QUESTION: {question}

CONTEXT: 
{context}
""".strip()

entry_template = """
breed_name: {breed_name}
history: {history}
health: {health}
description: {description}
characteristics: {characteristics}
appearance: {appearance}
temperament: {temperament}
""".strip()

In [15]:
def build_prompt(query, search_results):
    context = ""
    
    for doc in search_results:
        context = context + entry_template.format(**doc) + "\n\n"

    prompt = prompt_template.format(question=query, context=context).strip()
    return prompt

In [16]:
def llm(prompt, model="gpt-4o-mini"):
    response = client.chat.completions.create(
        model=model,
        messages=[{"role": "user", "content": prompt}]
    )
    
    return response.choices[0].message.content

In [17]:
def rag(query, model="gpt-4o-mini"):
    search_results = search(query)
    prompt = build_prompt(query, search_results)
    #print(prompt)
    answer = llm(prompt, model=model)
    return answer

In [18]:
question = 'Write me 5 best family friendly dog breeds'
answer = rag(question)
print(answer)

Here are five family-friendly dog breeds based on their characteristics and temperament:

1. **Boxer**: Known for their loving nature, Boxers are loyal and protective, making them excellent family dogs. They are patient and energetic, often very good with children.

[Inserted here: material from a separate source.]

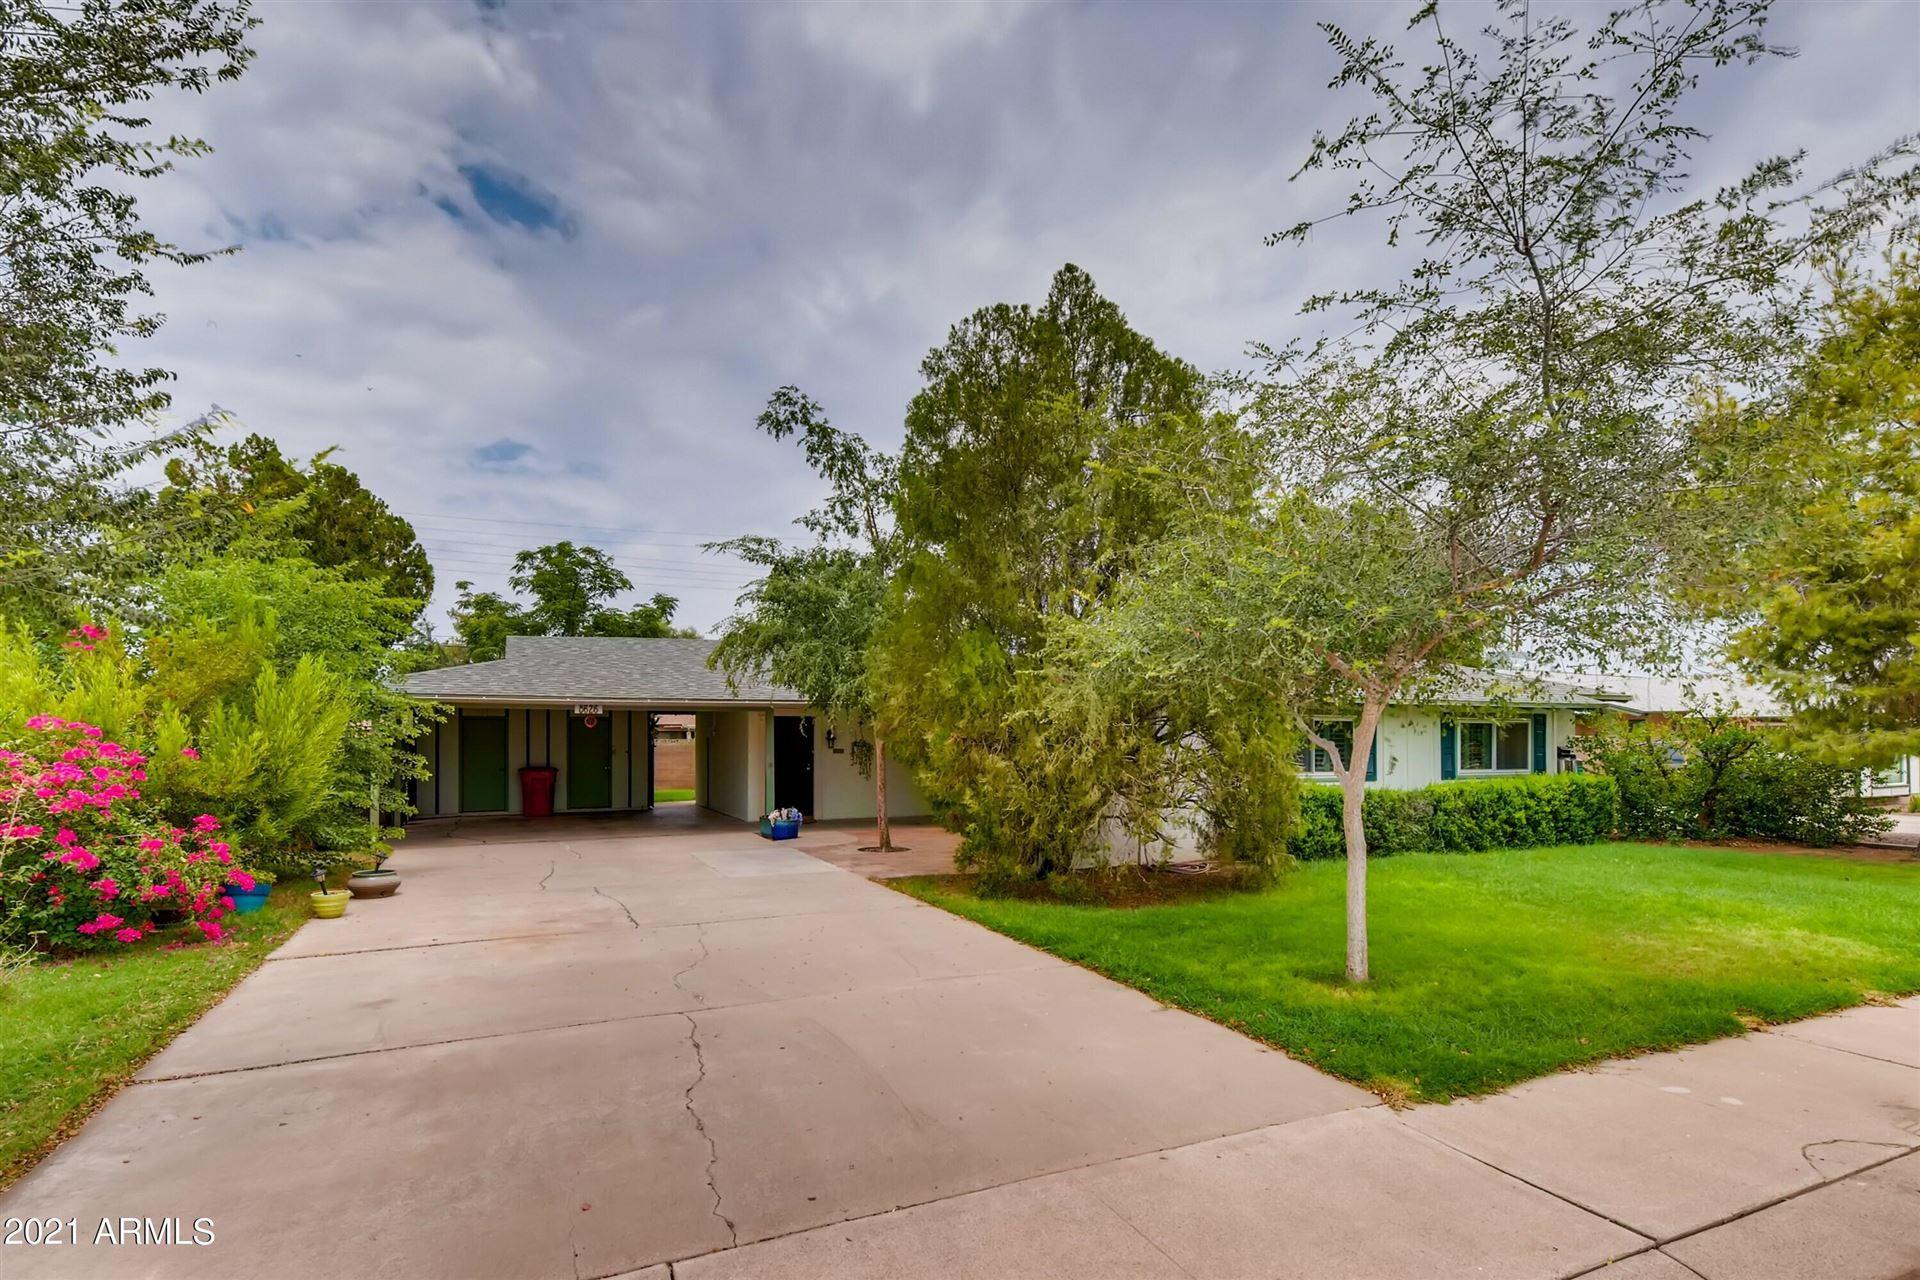 Photo of 8626 E THORNWOOD Drive, Scottsdale, AZ 85251 (MLS # 6269000)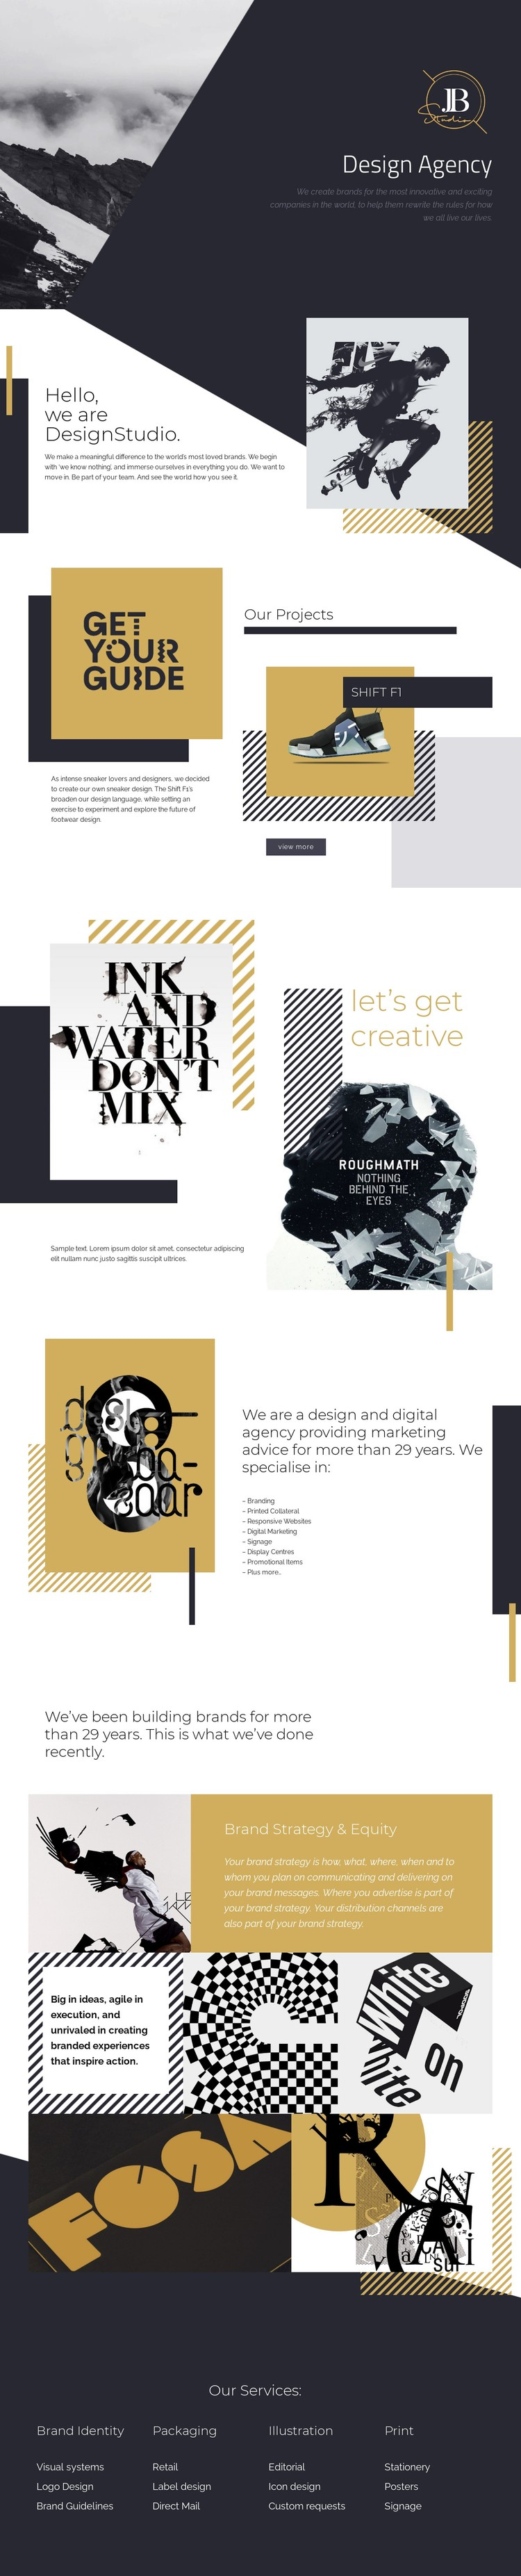 We create amazing websites Website Creator

2. **Papillon**: These small dogs are happy, friendly, and intelligent. Papillons are known for being playful and adaptable, making them great companions for families, although they should be monitored around small children.

3. **Kintamani Dog**: This breed is gentle and affectionate with its family. Kintamanis are known to be good watchdogs, providing protective qualities alongside their loving demeanor.

4. **Portuguese Water Dog**: These dogs are friendly and intelligent, eager to please their owners. Their loving nature and enthusiasm for family activities make them wonderful companions.

5. **Smooth Collie**: Smooth Collies are sociable and easily trainable, getting along well with children and other pets. Their alert

In [19]:
question = 'Is Nova Scotia Duck Tolling Retriever agressive?'
answer = rag(question)
print(answer)

The Nova Scotia Duck Tolling Retriever is not known to be aggressive. This breed is characterized as intelligent, curious, alert, outgoing, and high-energy, often exhibiting affectionate and eager-to-please behavior. They generally socialize well with children and make good family dogs. While they have a unique bark known as the "toller scream," this sound is used when they are excited and is not indicative of aggression. To maintain their well-being, they require regular physical and mental stimulation to prevent undesirable behaviors, which could arise if they are not exercised adequately or left alone for extended periods.